Contributed by Claudia Wessner, Makerspace Coordinator and Library Experience Designer
Huge progress has been made in the collaborative project between The Nest, the makerspace at Phillips Academy, and the Peabody Museum! From the first day we received the Next Engine 3D Scanner, we had hopes of testing out this new technology in a fun and interesting way. After talking to Marla Taylor, we both thought it was a no brainer to form a collaboration between the museum, the makerspace and a group of work duty students (Alana Gudinas ’16, Jacob Boudreau ’16, Mia LaRocca ’16, and Sarah Schmaier ’16) to further explore the scanning possibilities.
In a previous post, Marla discussed the parameters in which the artifacts were selected. Once we brought the artifacts over to the Nest, we were able to make custom stands for two of the three artifacts so that they would be stable on the scanner. Then we got to work!
So, how does it work?
Before the scanning starts, we set up preferences such as resolution, color mode, and the number of incremental scans, as well as positioning the object in the camera’s field of view. The higher the desired resolution, the longer the scanning process will take. Most of the objects we scanned took around one hour.
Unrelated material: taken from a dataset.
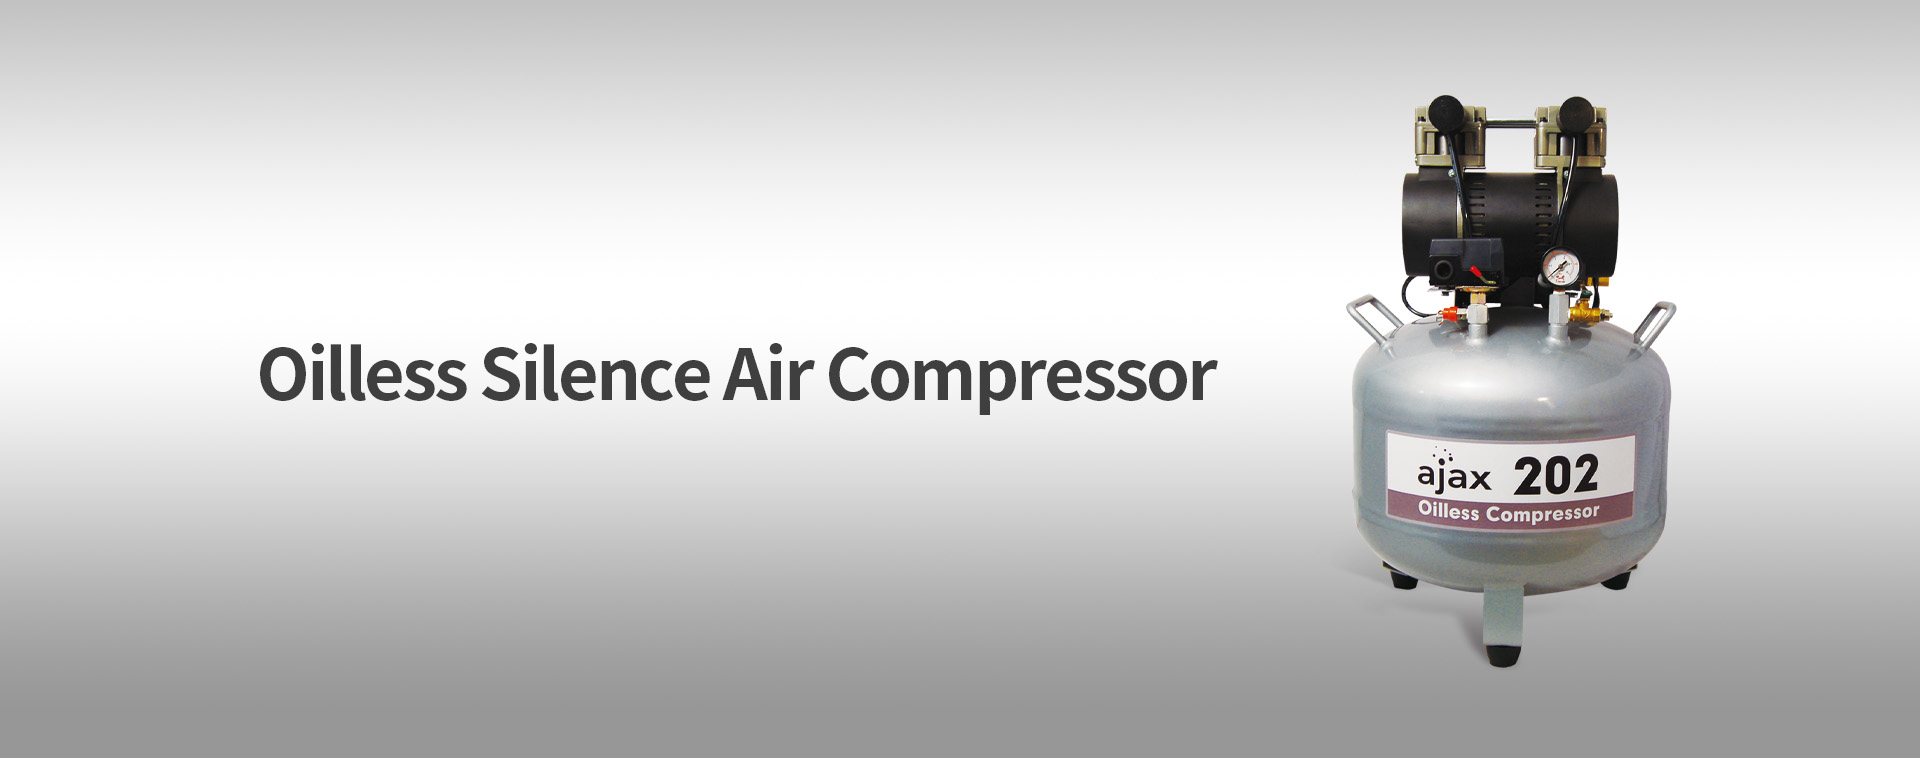 AJAX 202 Air Compressor

The scanner begins by taking a 2D image of the object then shoots out an array of red laser beams to capture the depth and texture of the object. Next, it completes a series of slow incremental rotations, based on the level of resolution selected, and performs the same 2D/3D rendering for each increment. The Next Engine software slowly builds the 3D model before your eyes as it layers the data captured by the scanner.
After the scanning is complete, the 3-dimensional model of the artifact appears in the Next Engine software. Depending on how the artifact is scanned, there may be some holes in the model. This would be where the lasers may not have been able to reach, such as the top or the bottom of the artifact. There are ways to avoid holes by completing several scans of the same object (top, bottom, full 360) and then fusing them together. This is something I am looking forward to experimenting with in the future, but for our initial exploration we did a single scan.
In order to fill the holes in our model, I “polished” it using the Next Engine software. The program will automatically find and select holes in the model. Then you can use a paintbrush tool to select the areas in which you’d like to fill. This can also take some time and experimentation, especially with very high resolution scans where image rendering can use a lot of computing power.
Once the editing of the model is complete, it is ready to prepare for printing by saving it as a .stl file and opening it in the Makerbot Desktop software. In the software you can scale, rotate, and place your object in the desired location on the build plate. You can also preview how long the print will take. This artifact, which was approximately four inches tall, took about 5 hours to print.
The Makerbot 3D printer uses a material called PLA that is stored in a spool in the back of the machine. The PLA is heated in an extruder and lays down very thin layers of material to build the object from the bottom up. Think of it like a glorified glue gun! The makerbot will automatically add “support material” that will support the object as it is printing so that everything stays intact. Once it is finished printing, any support material easily breaks off from the print.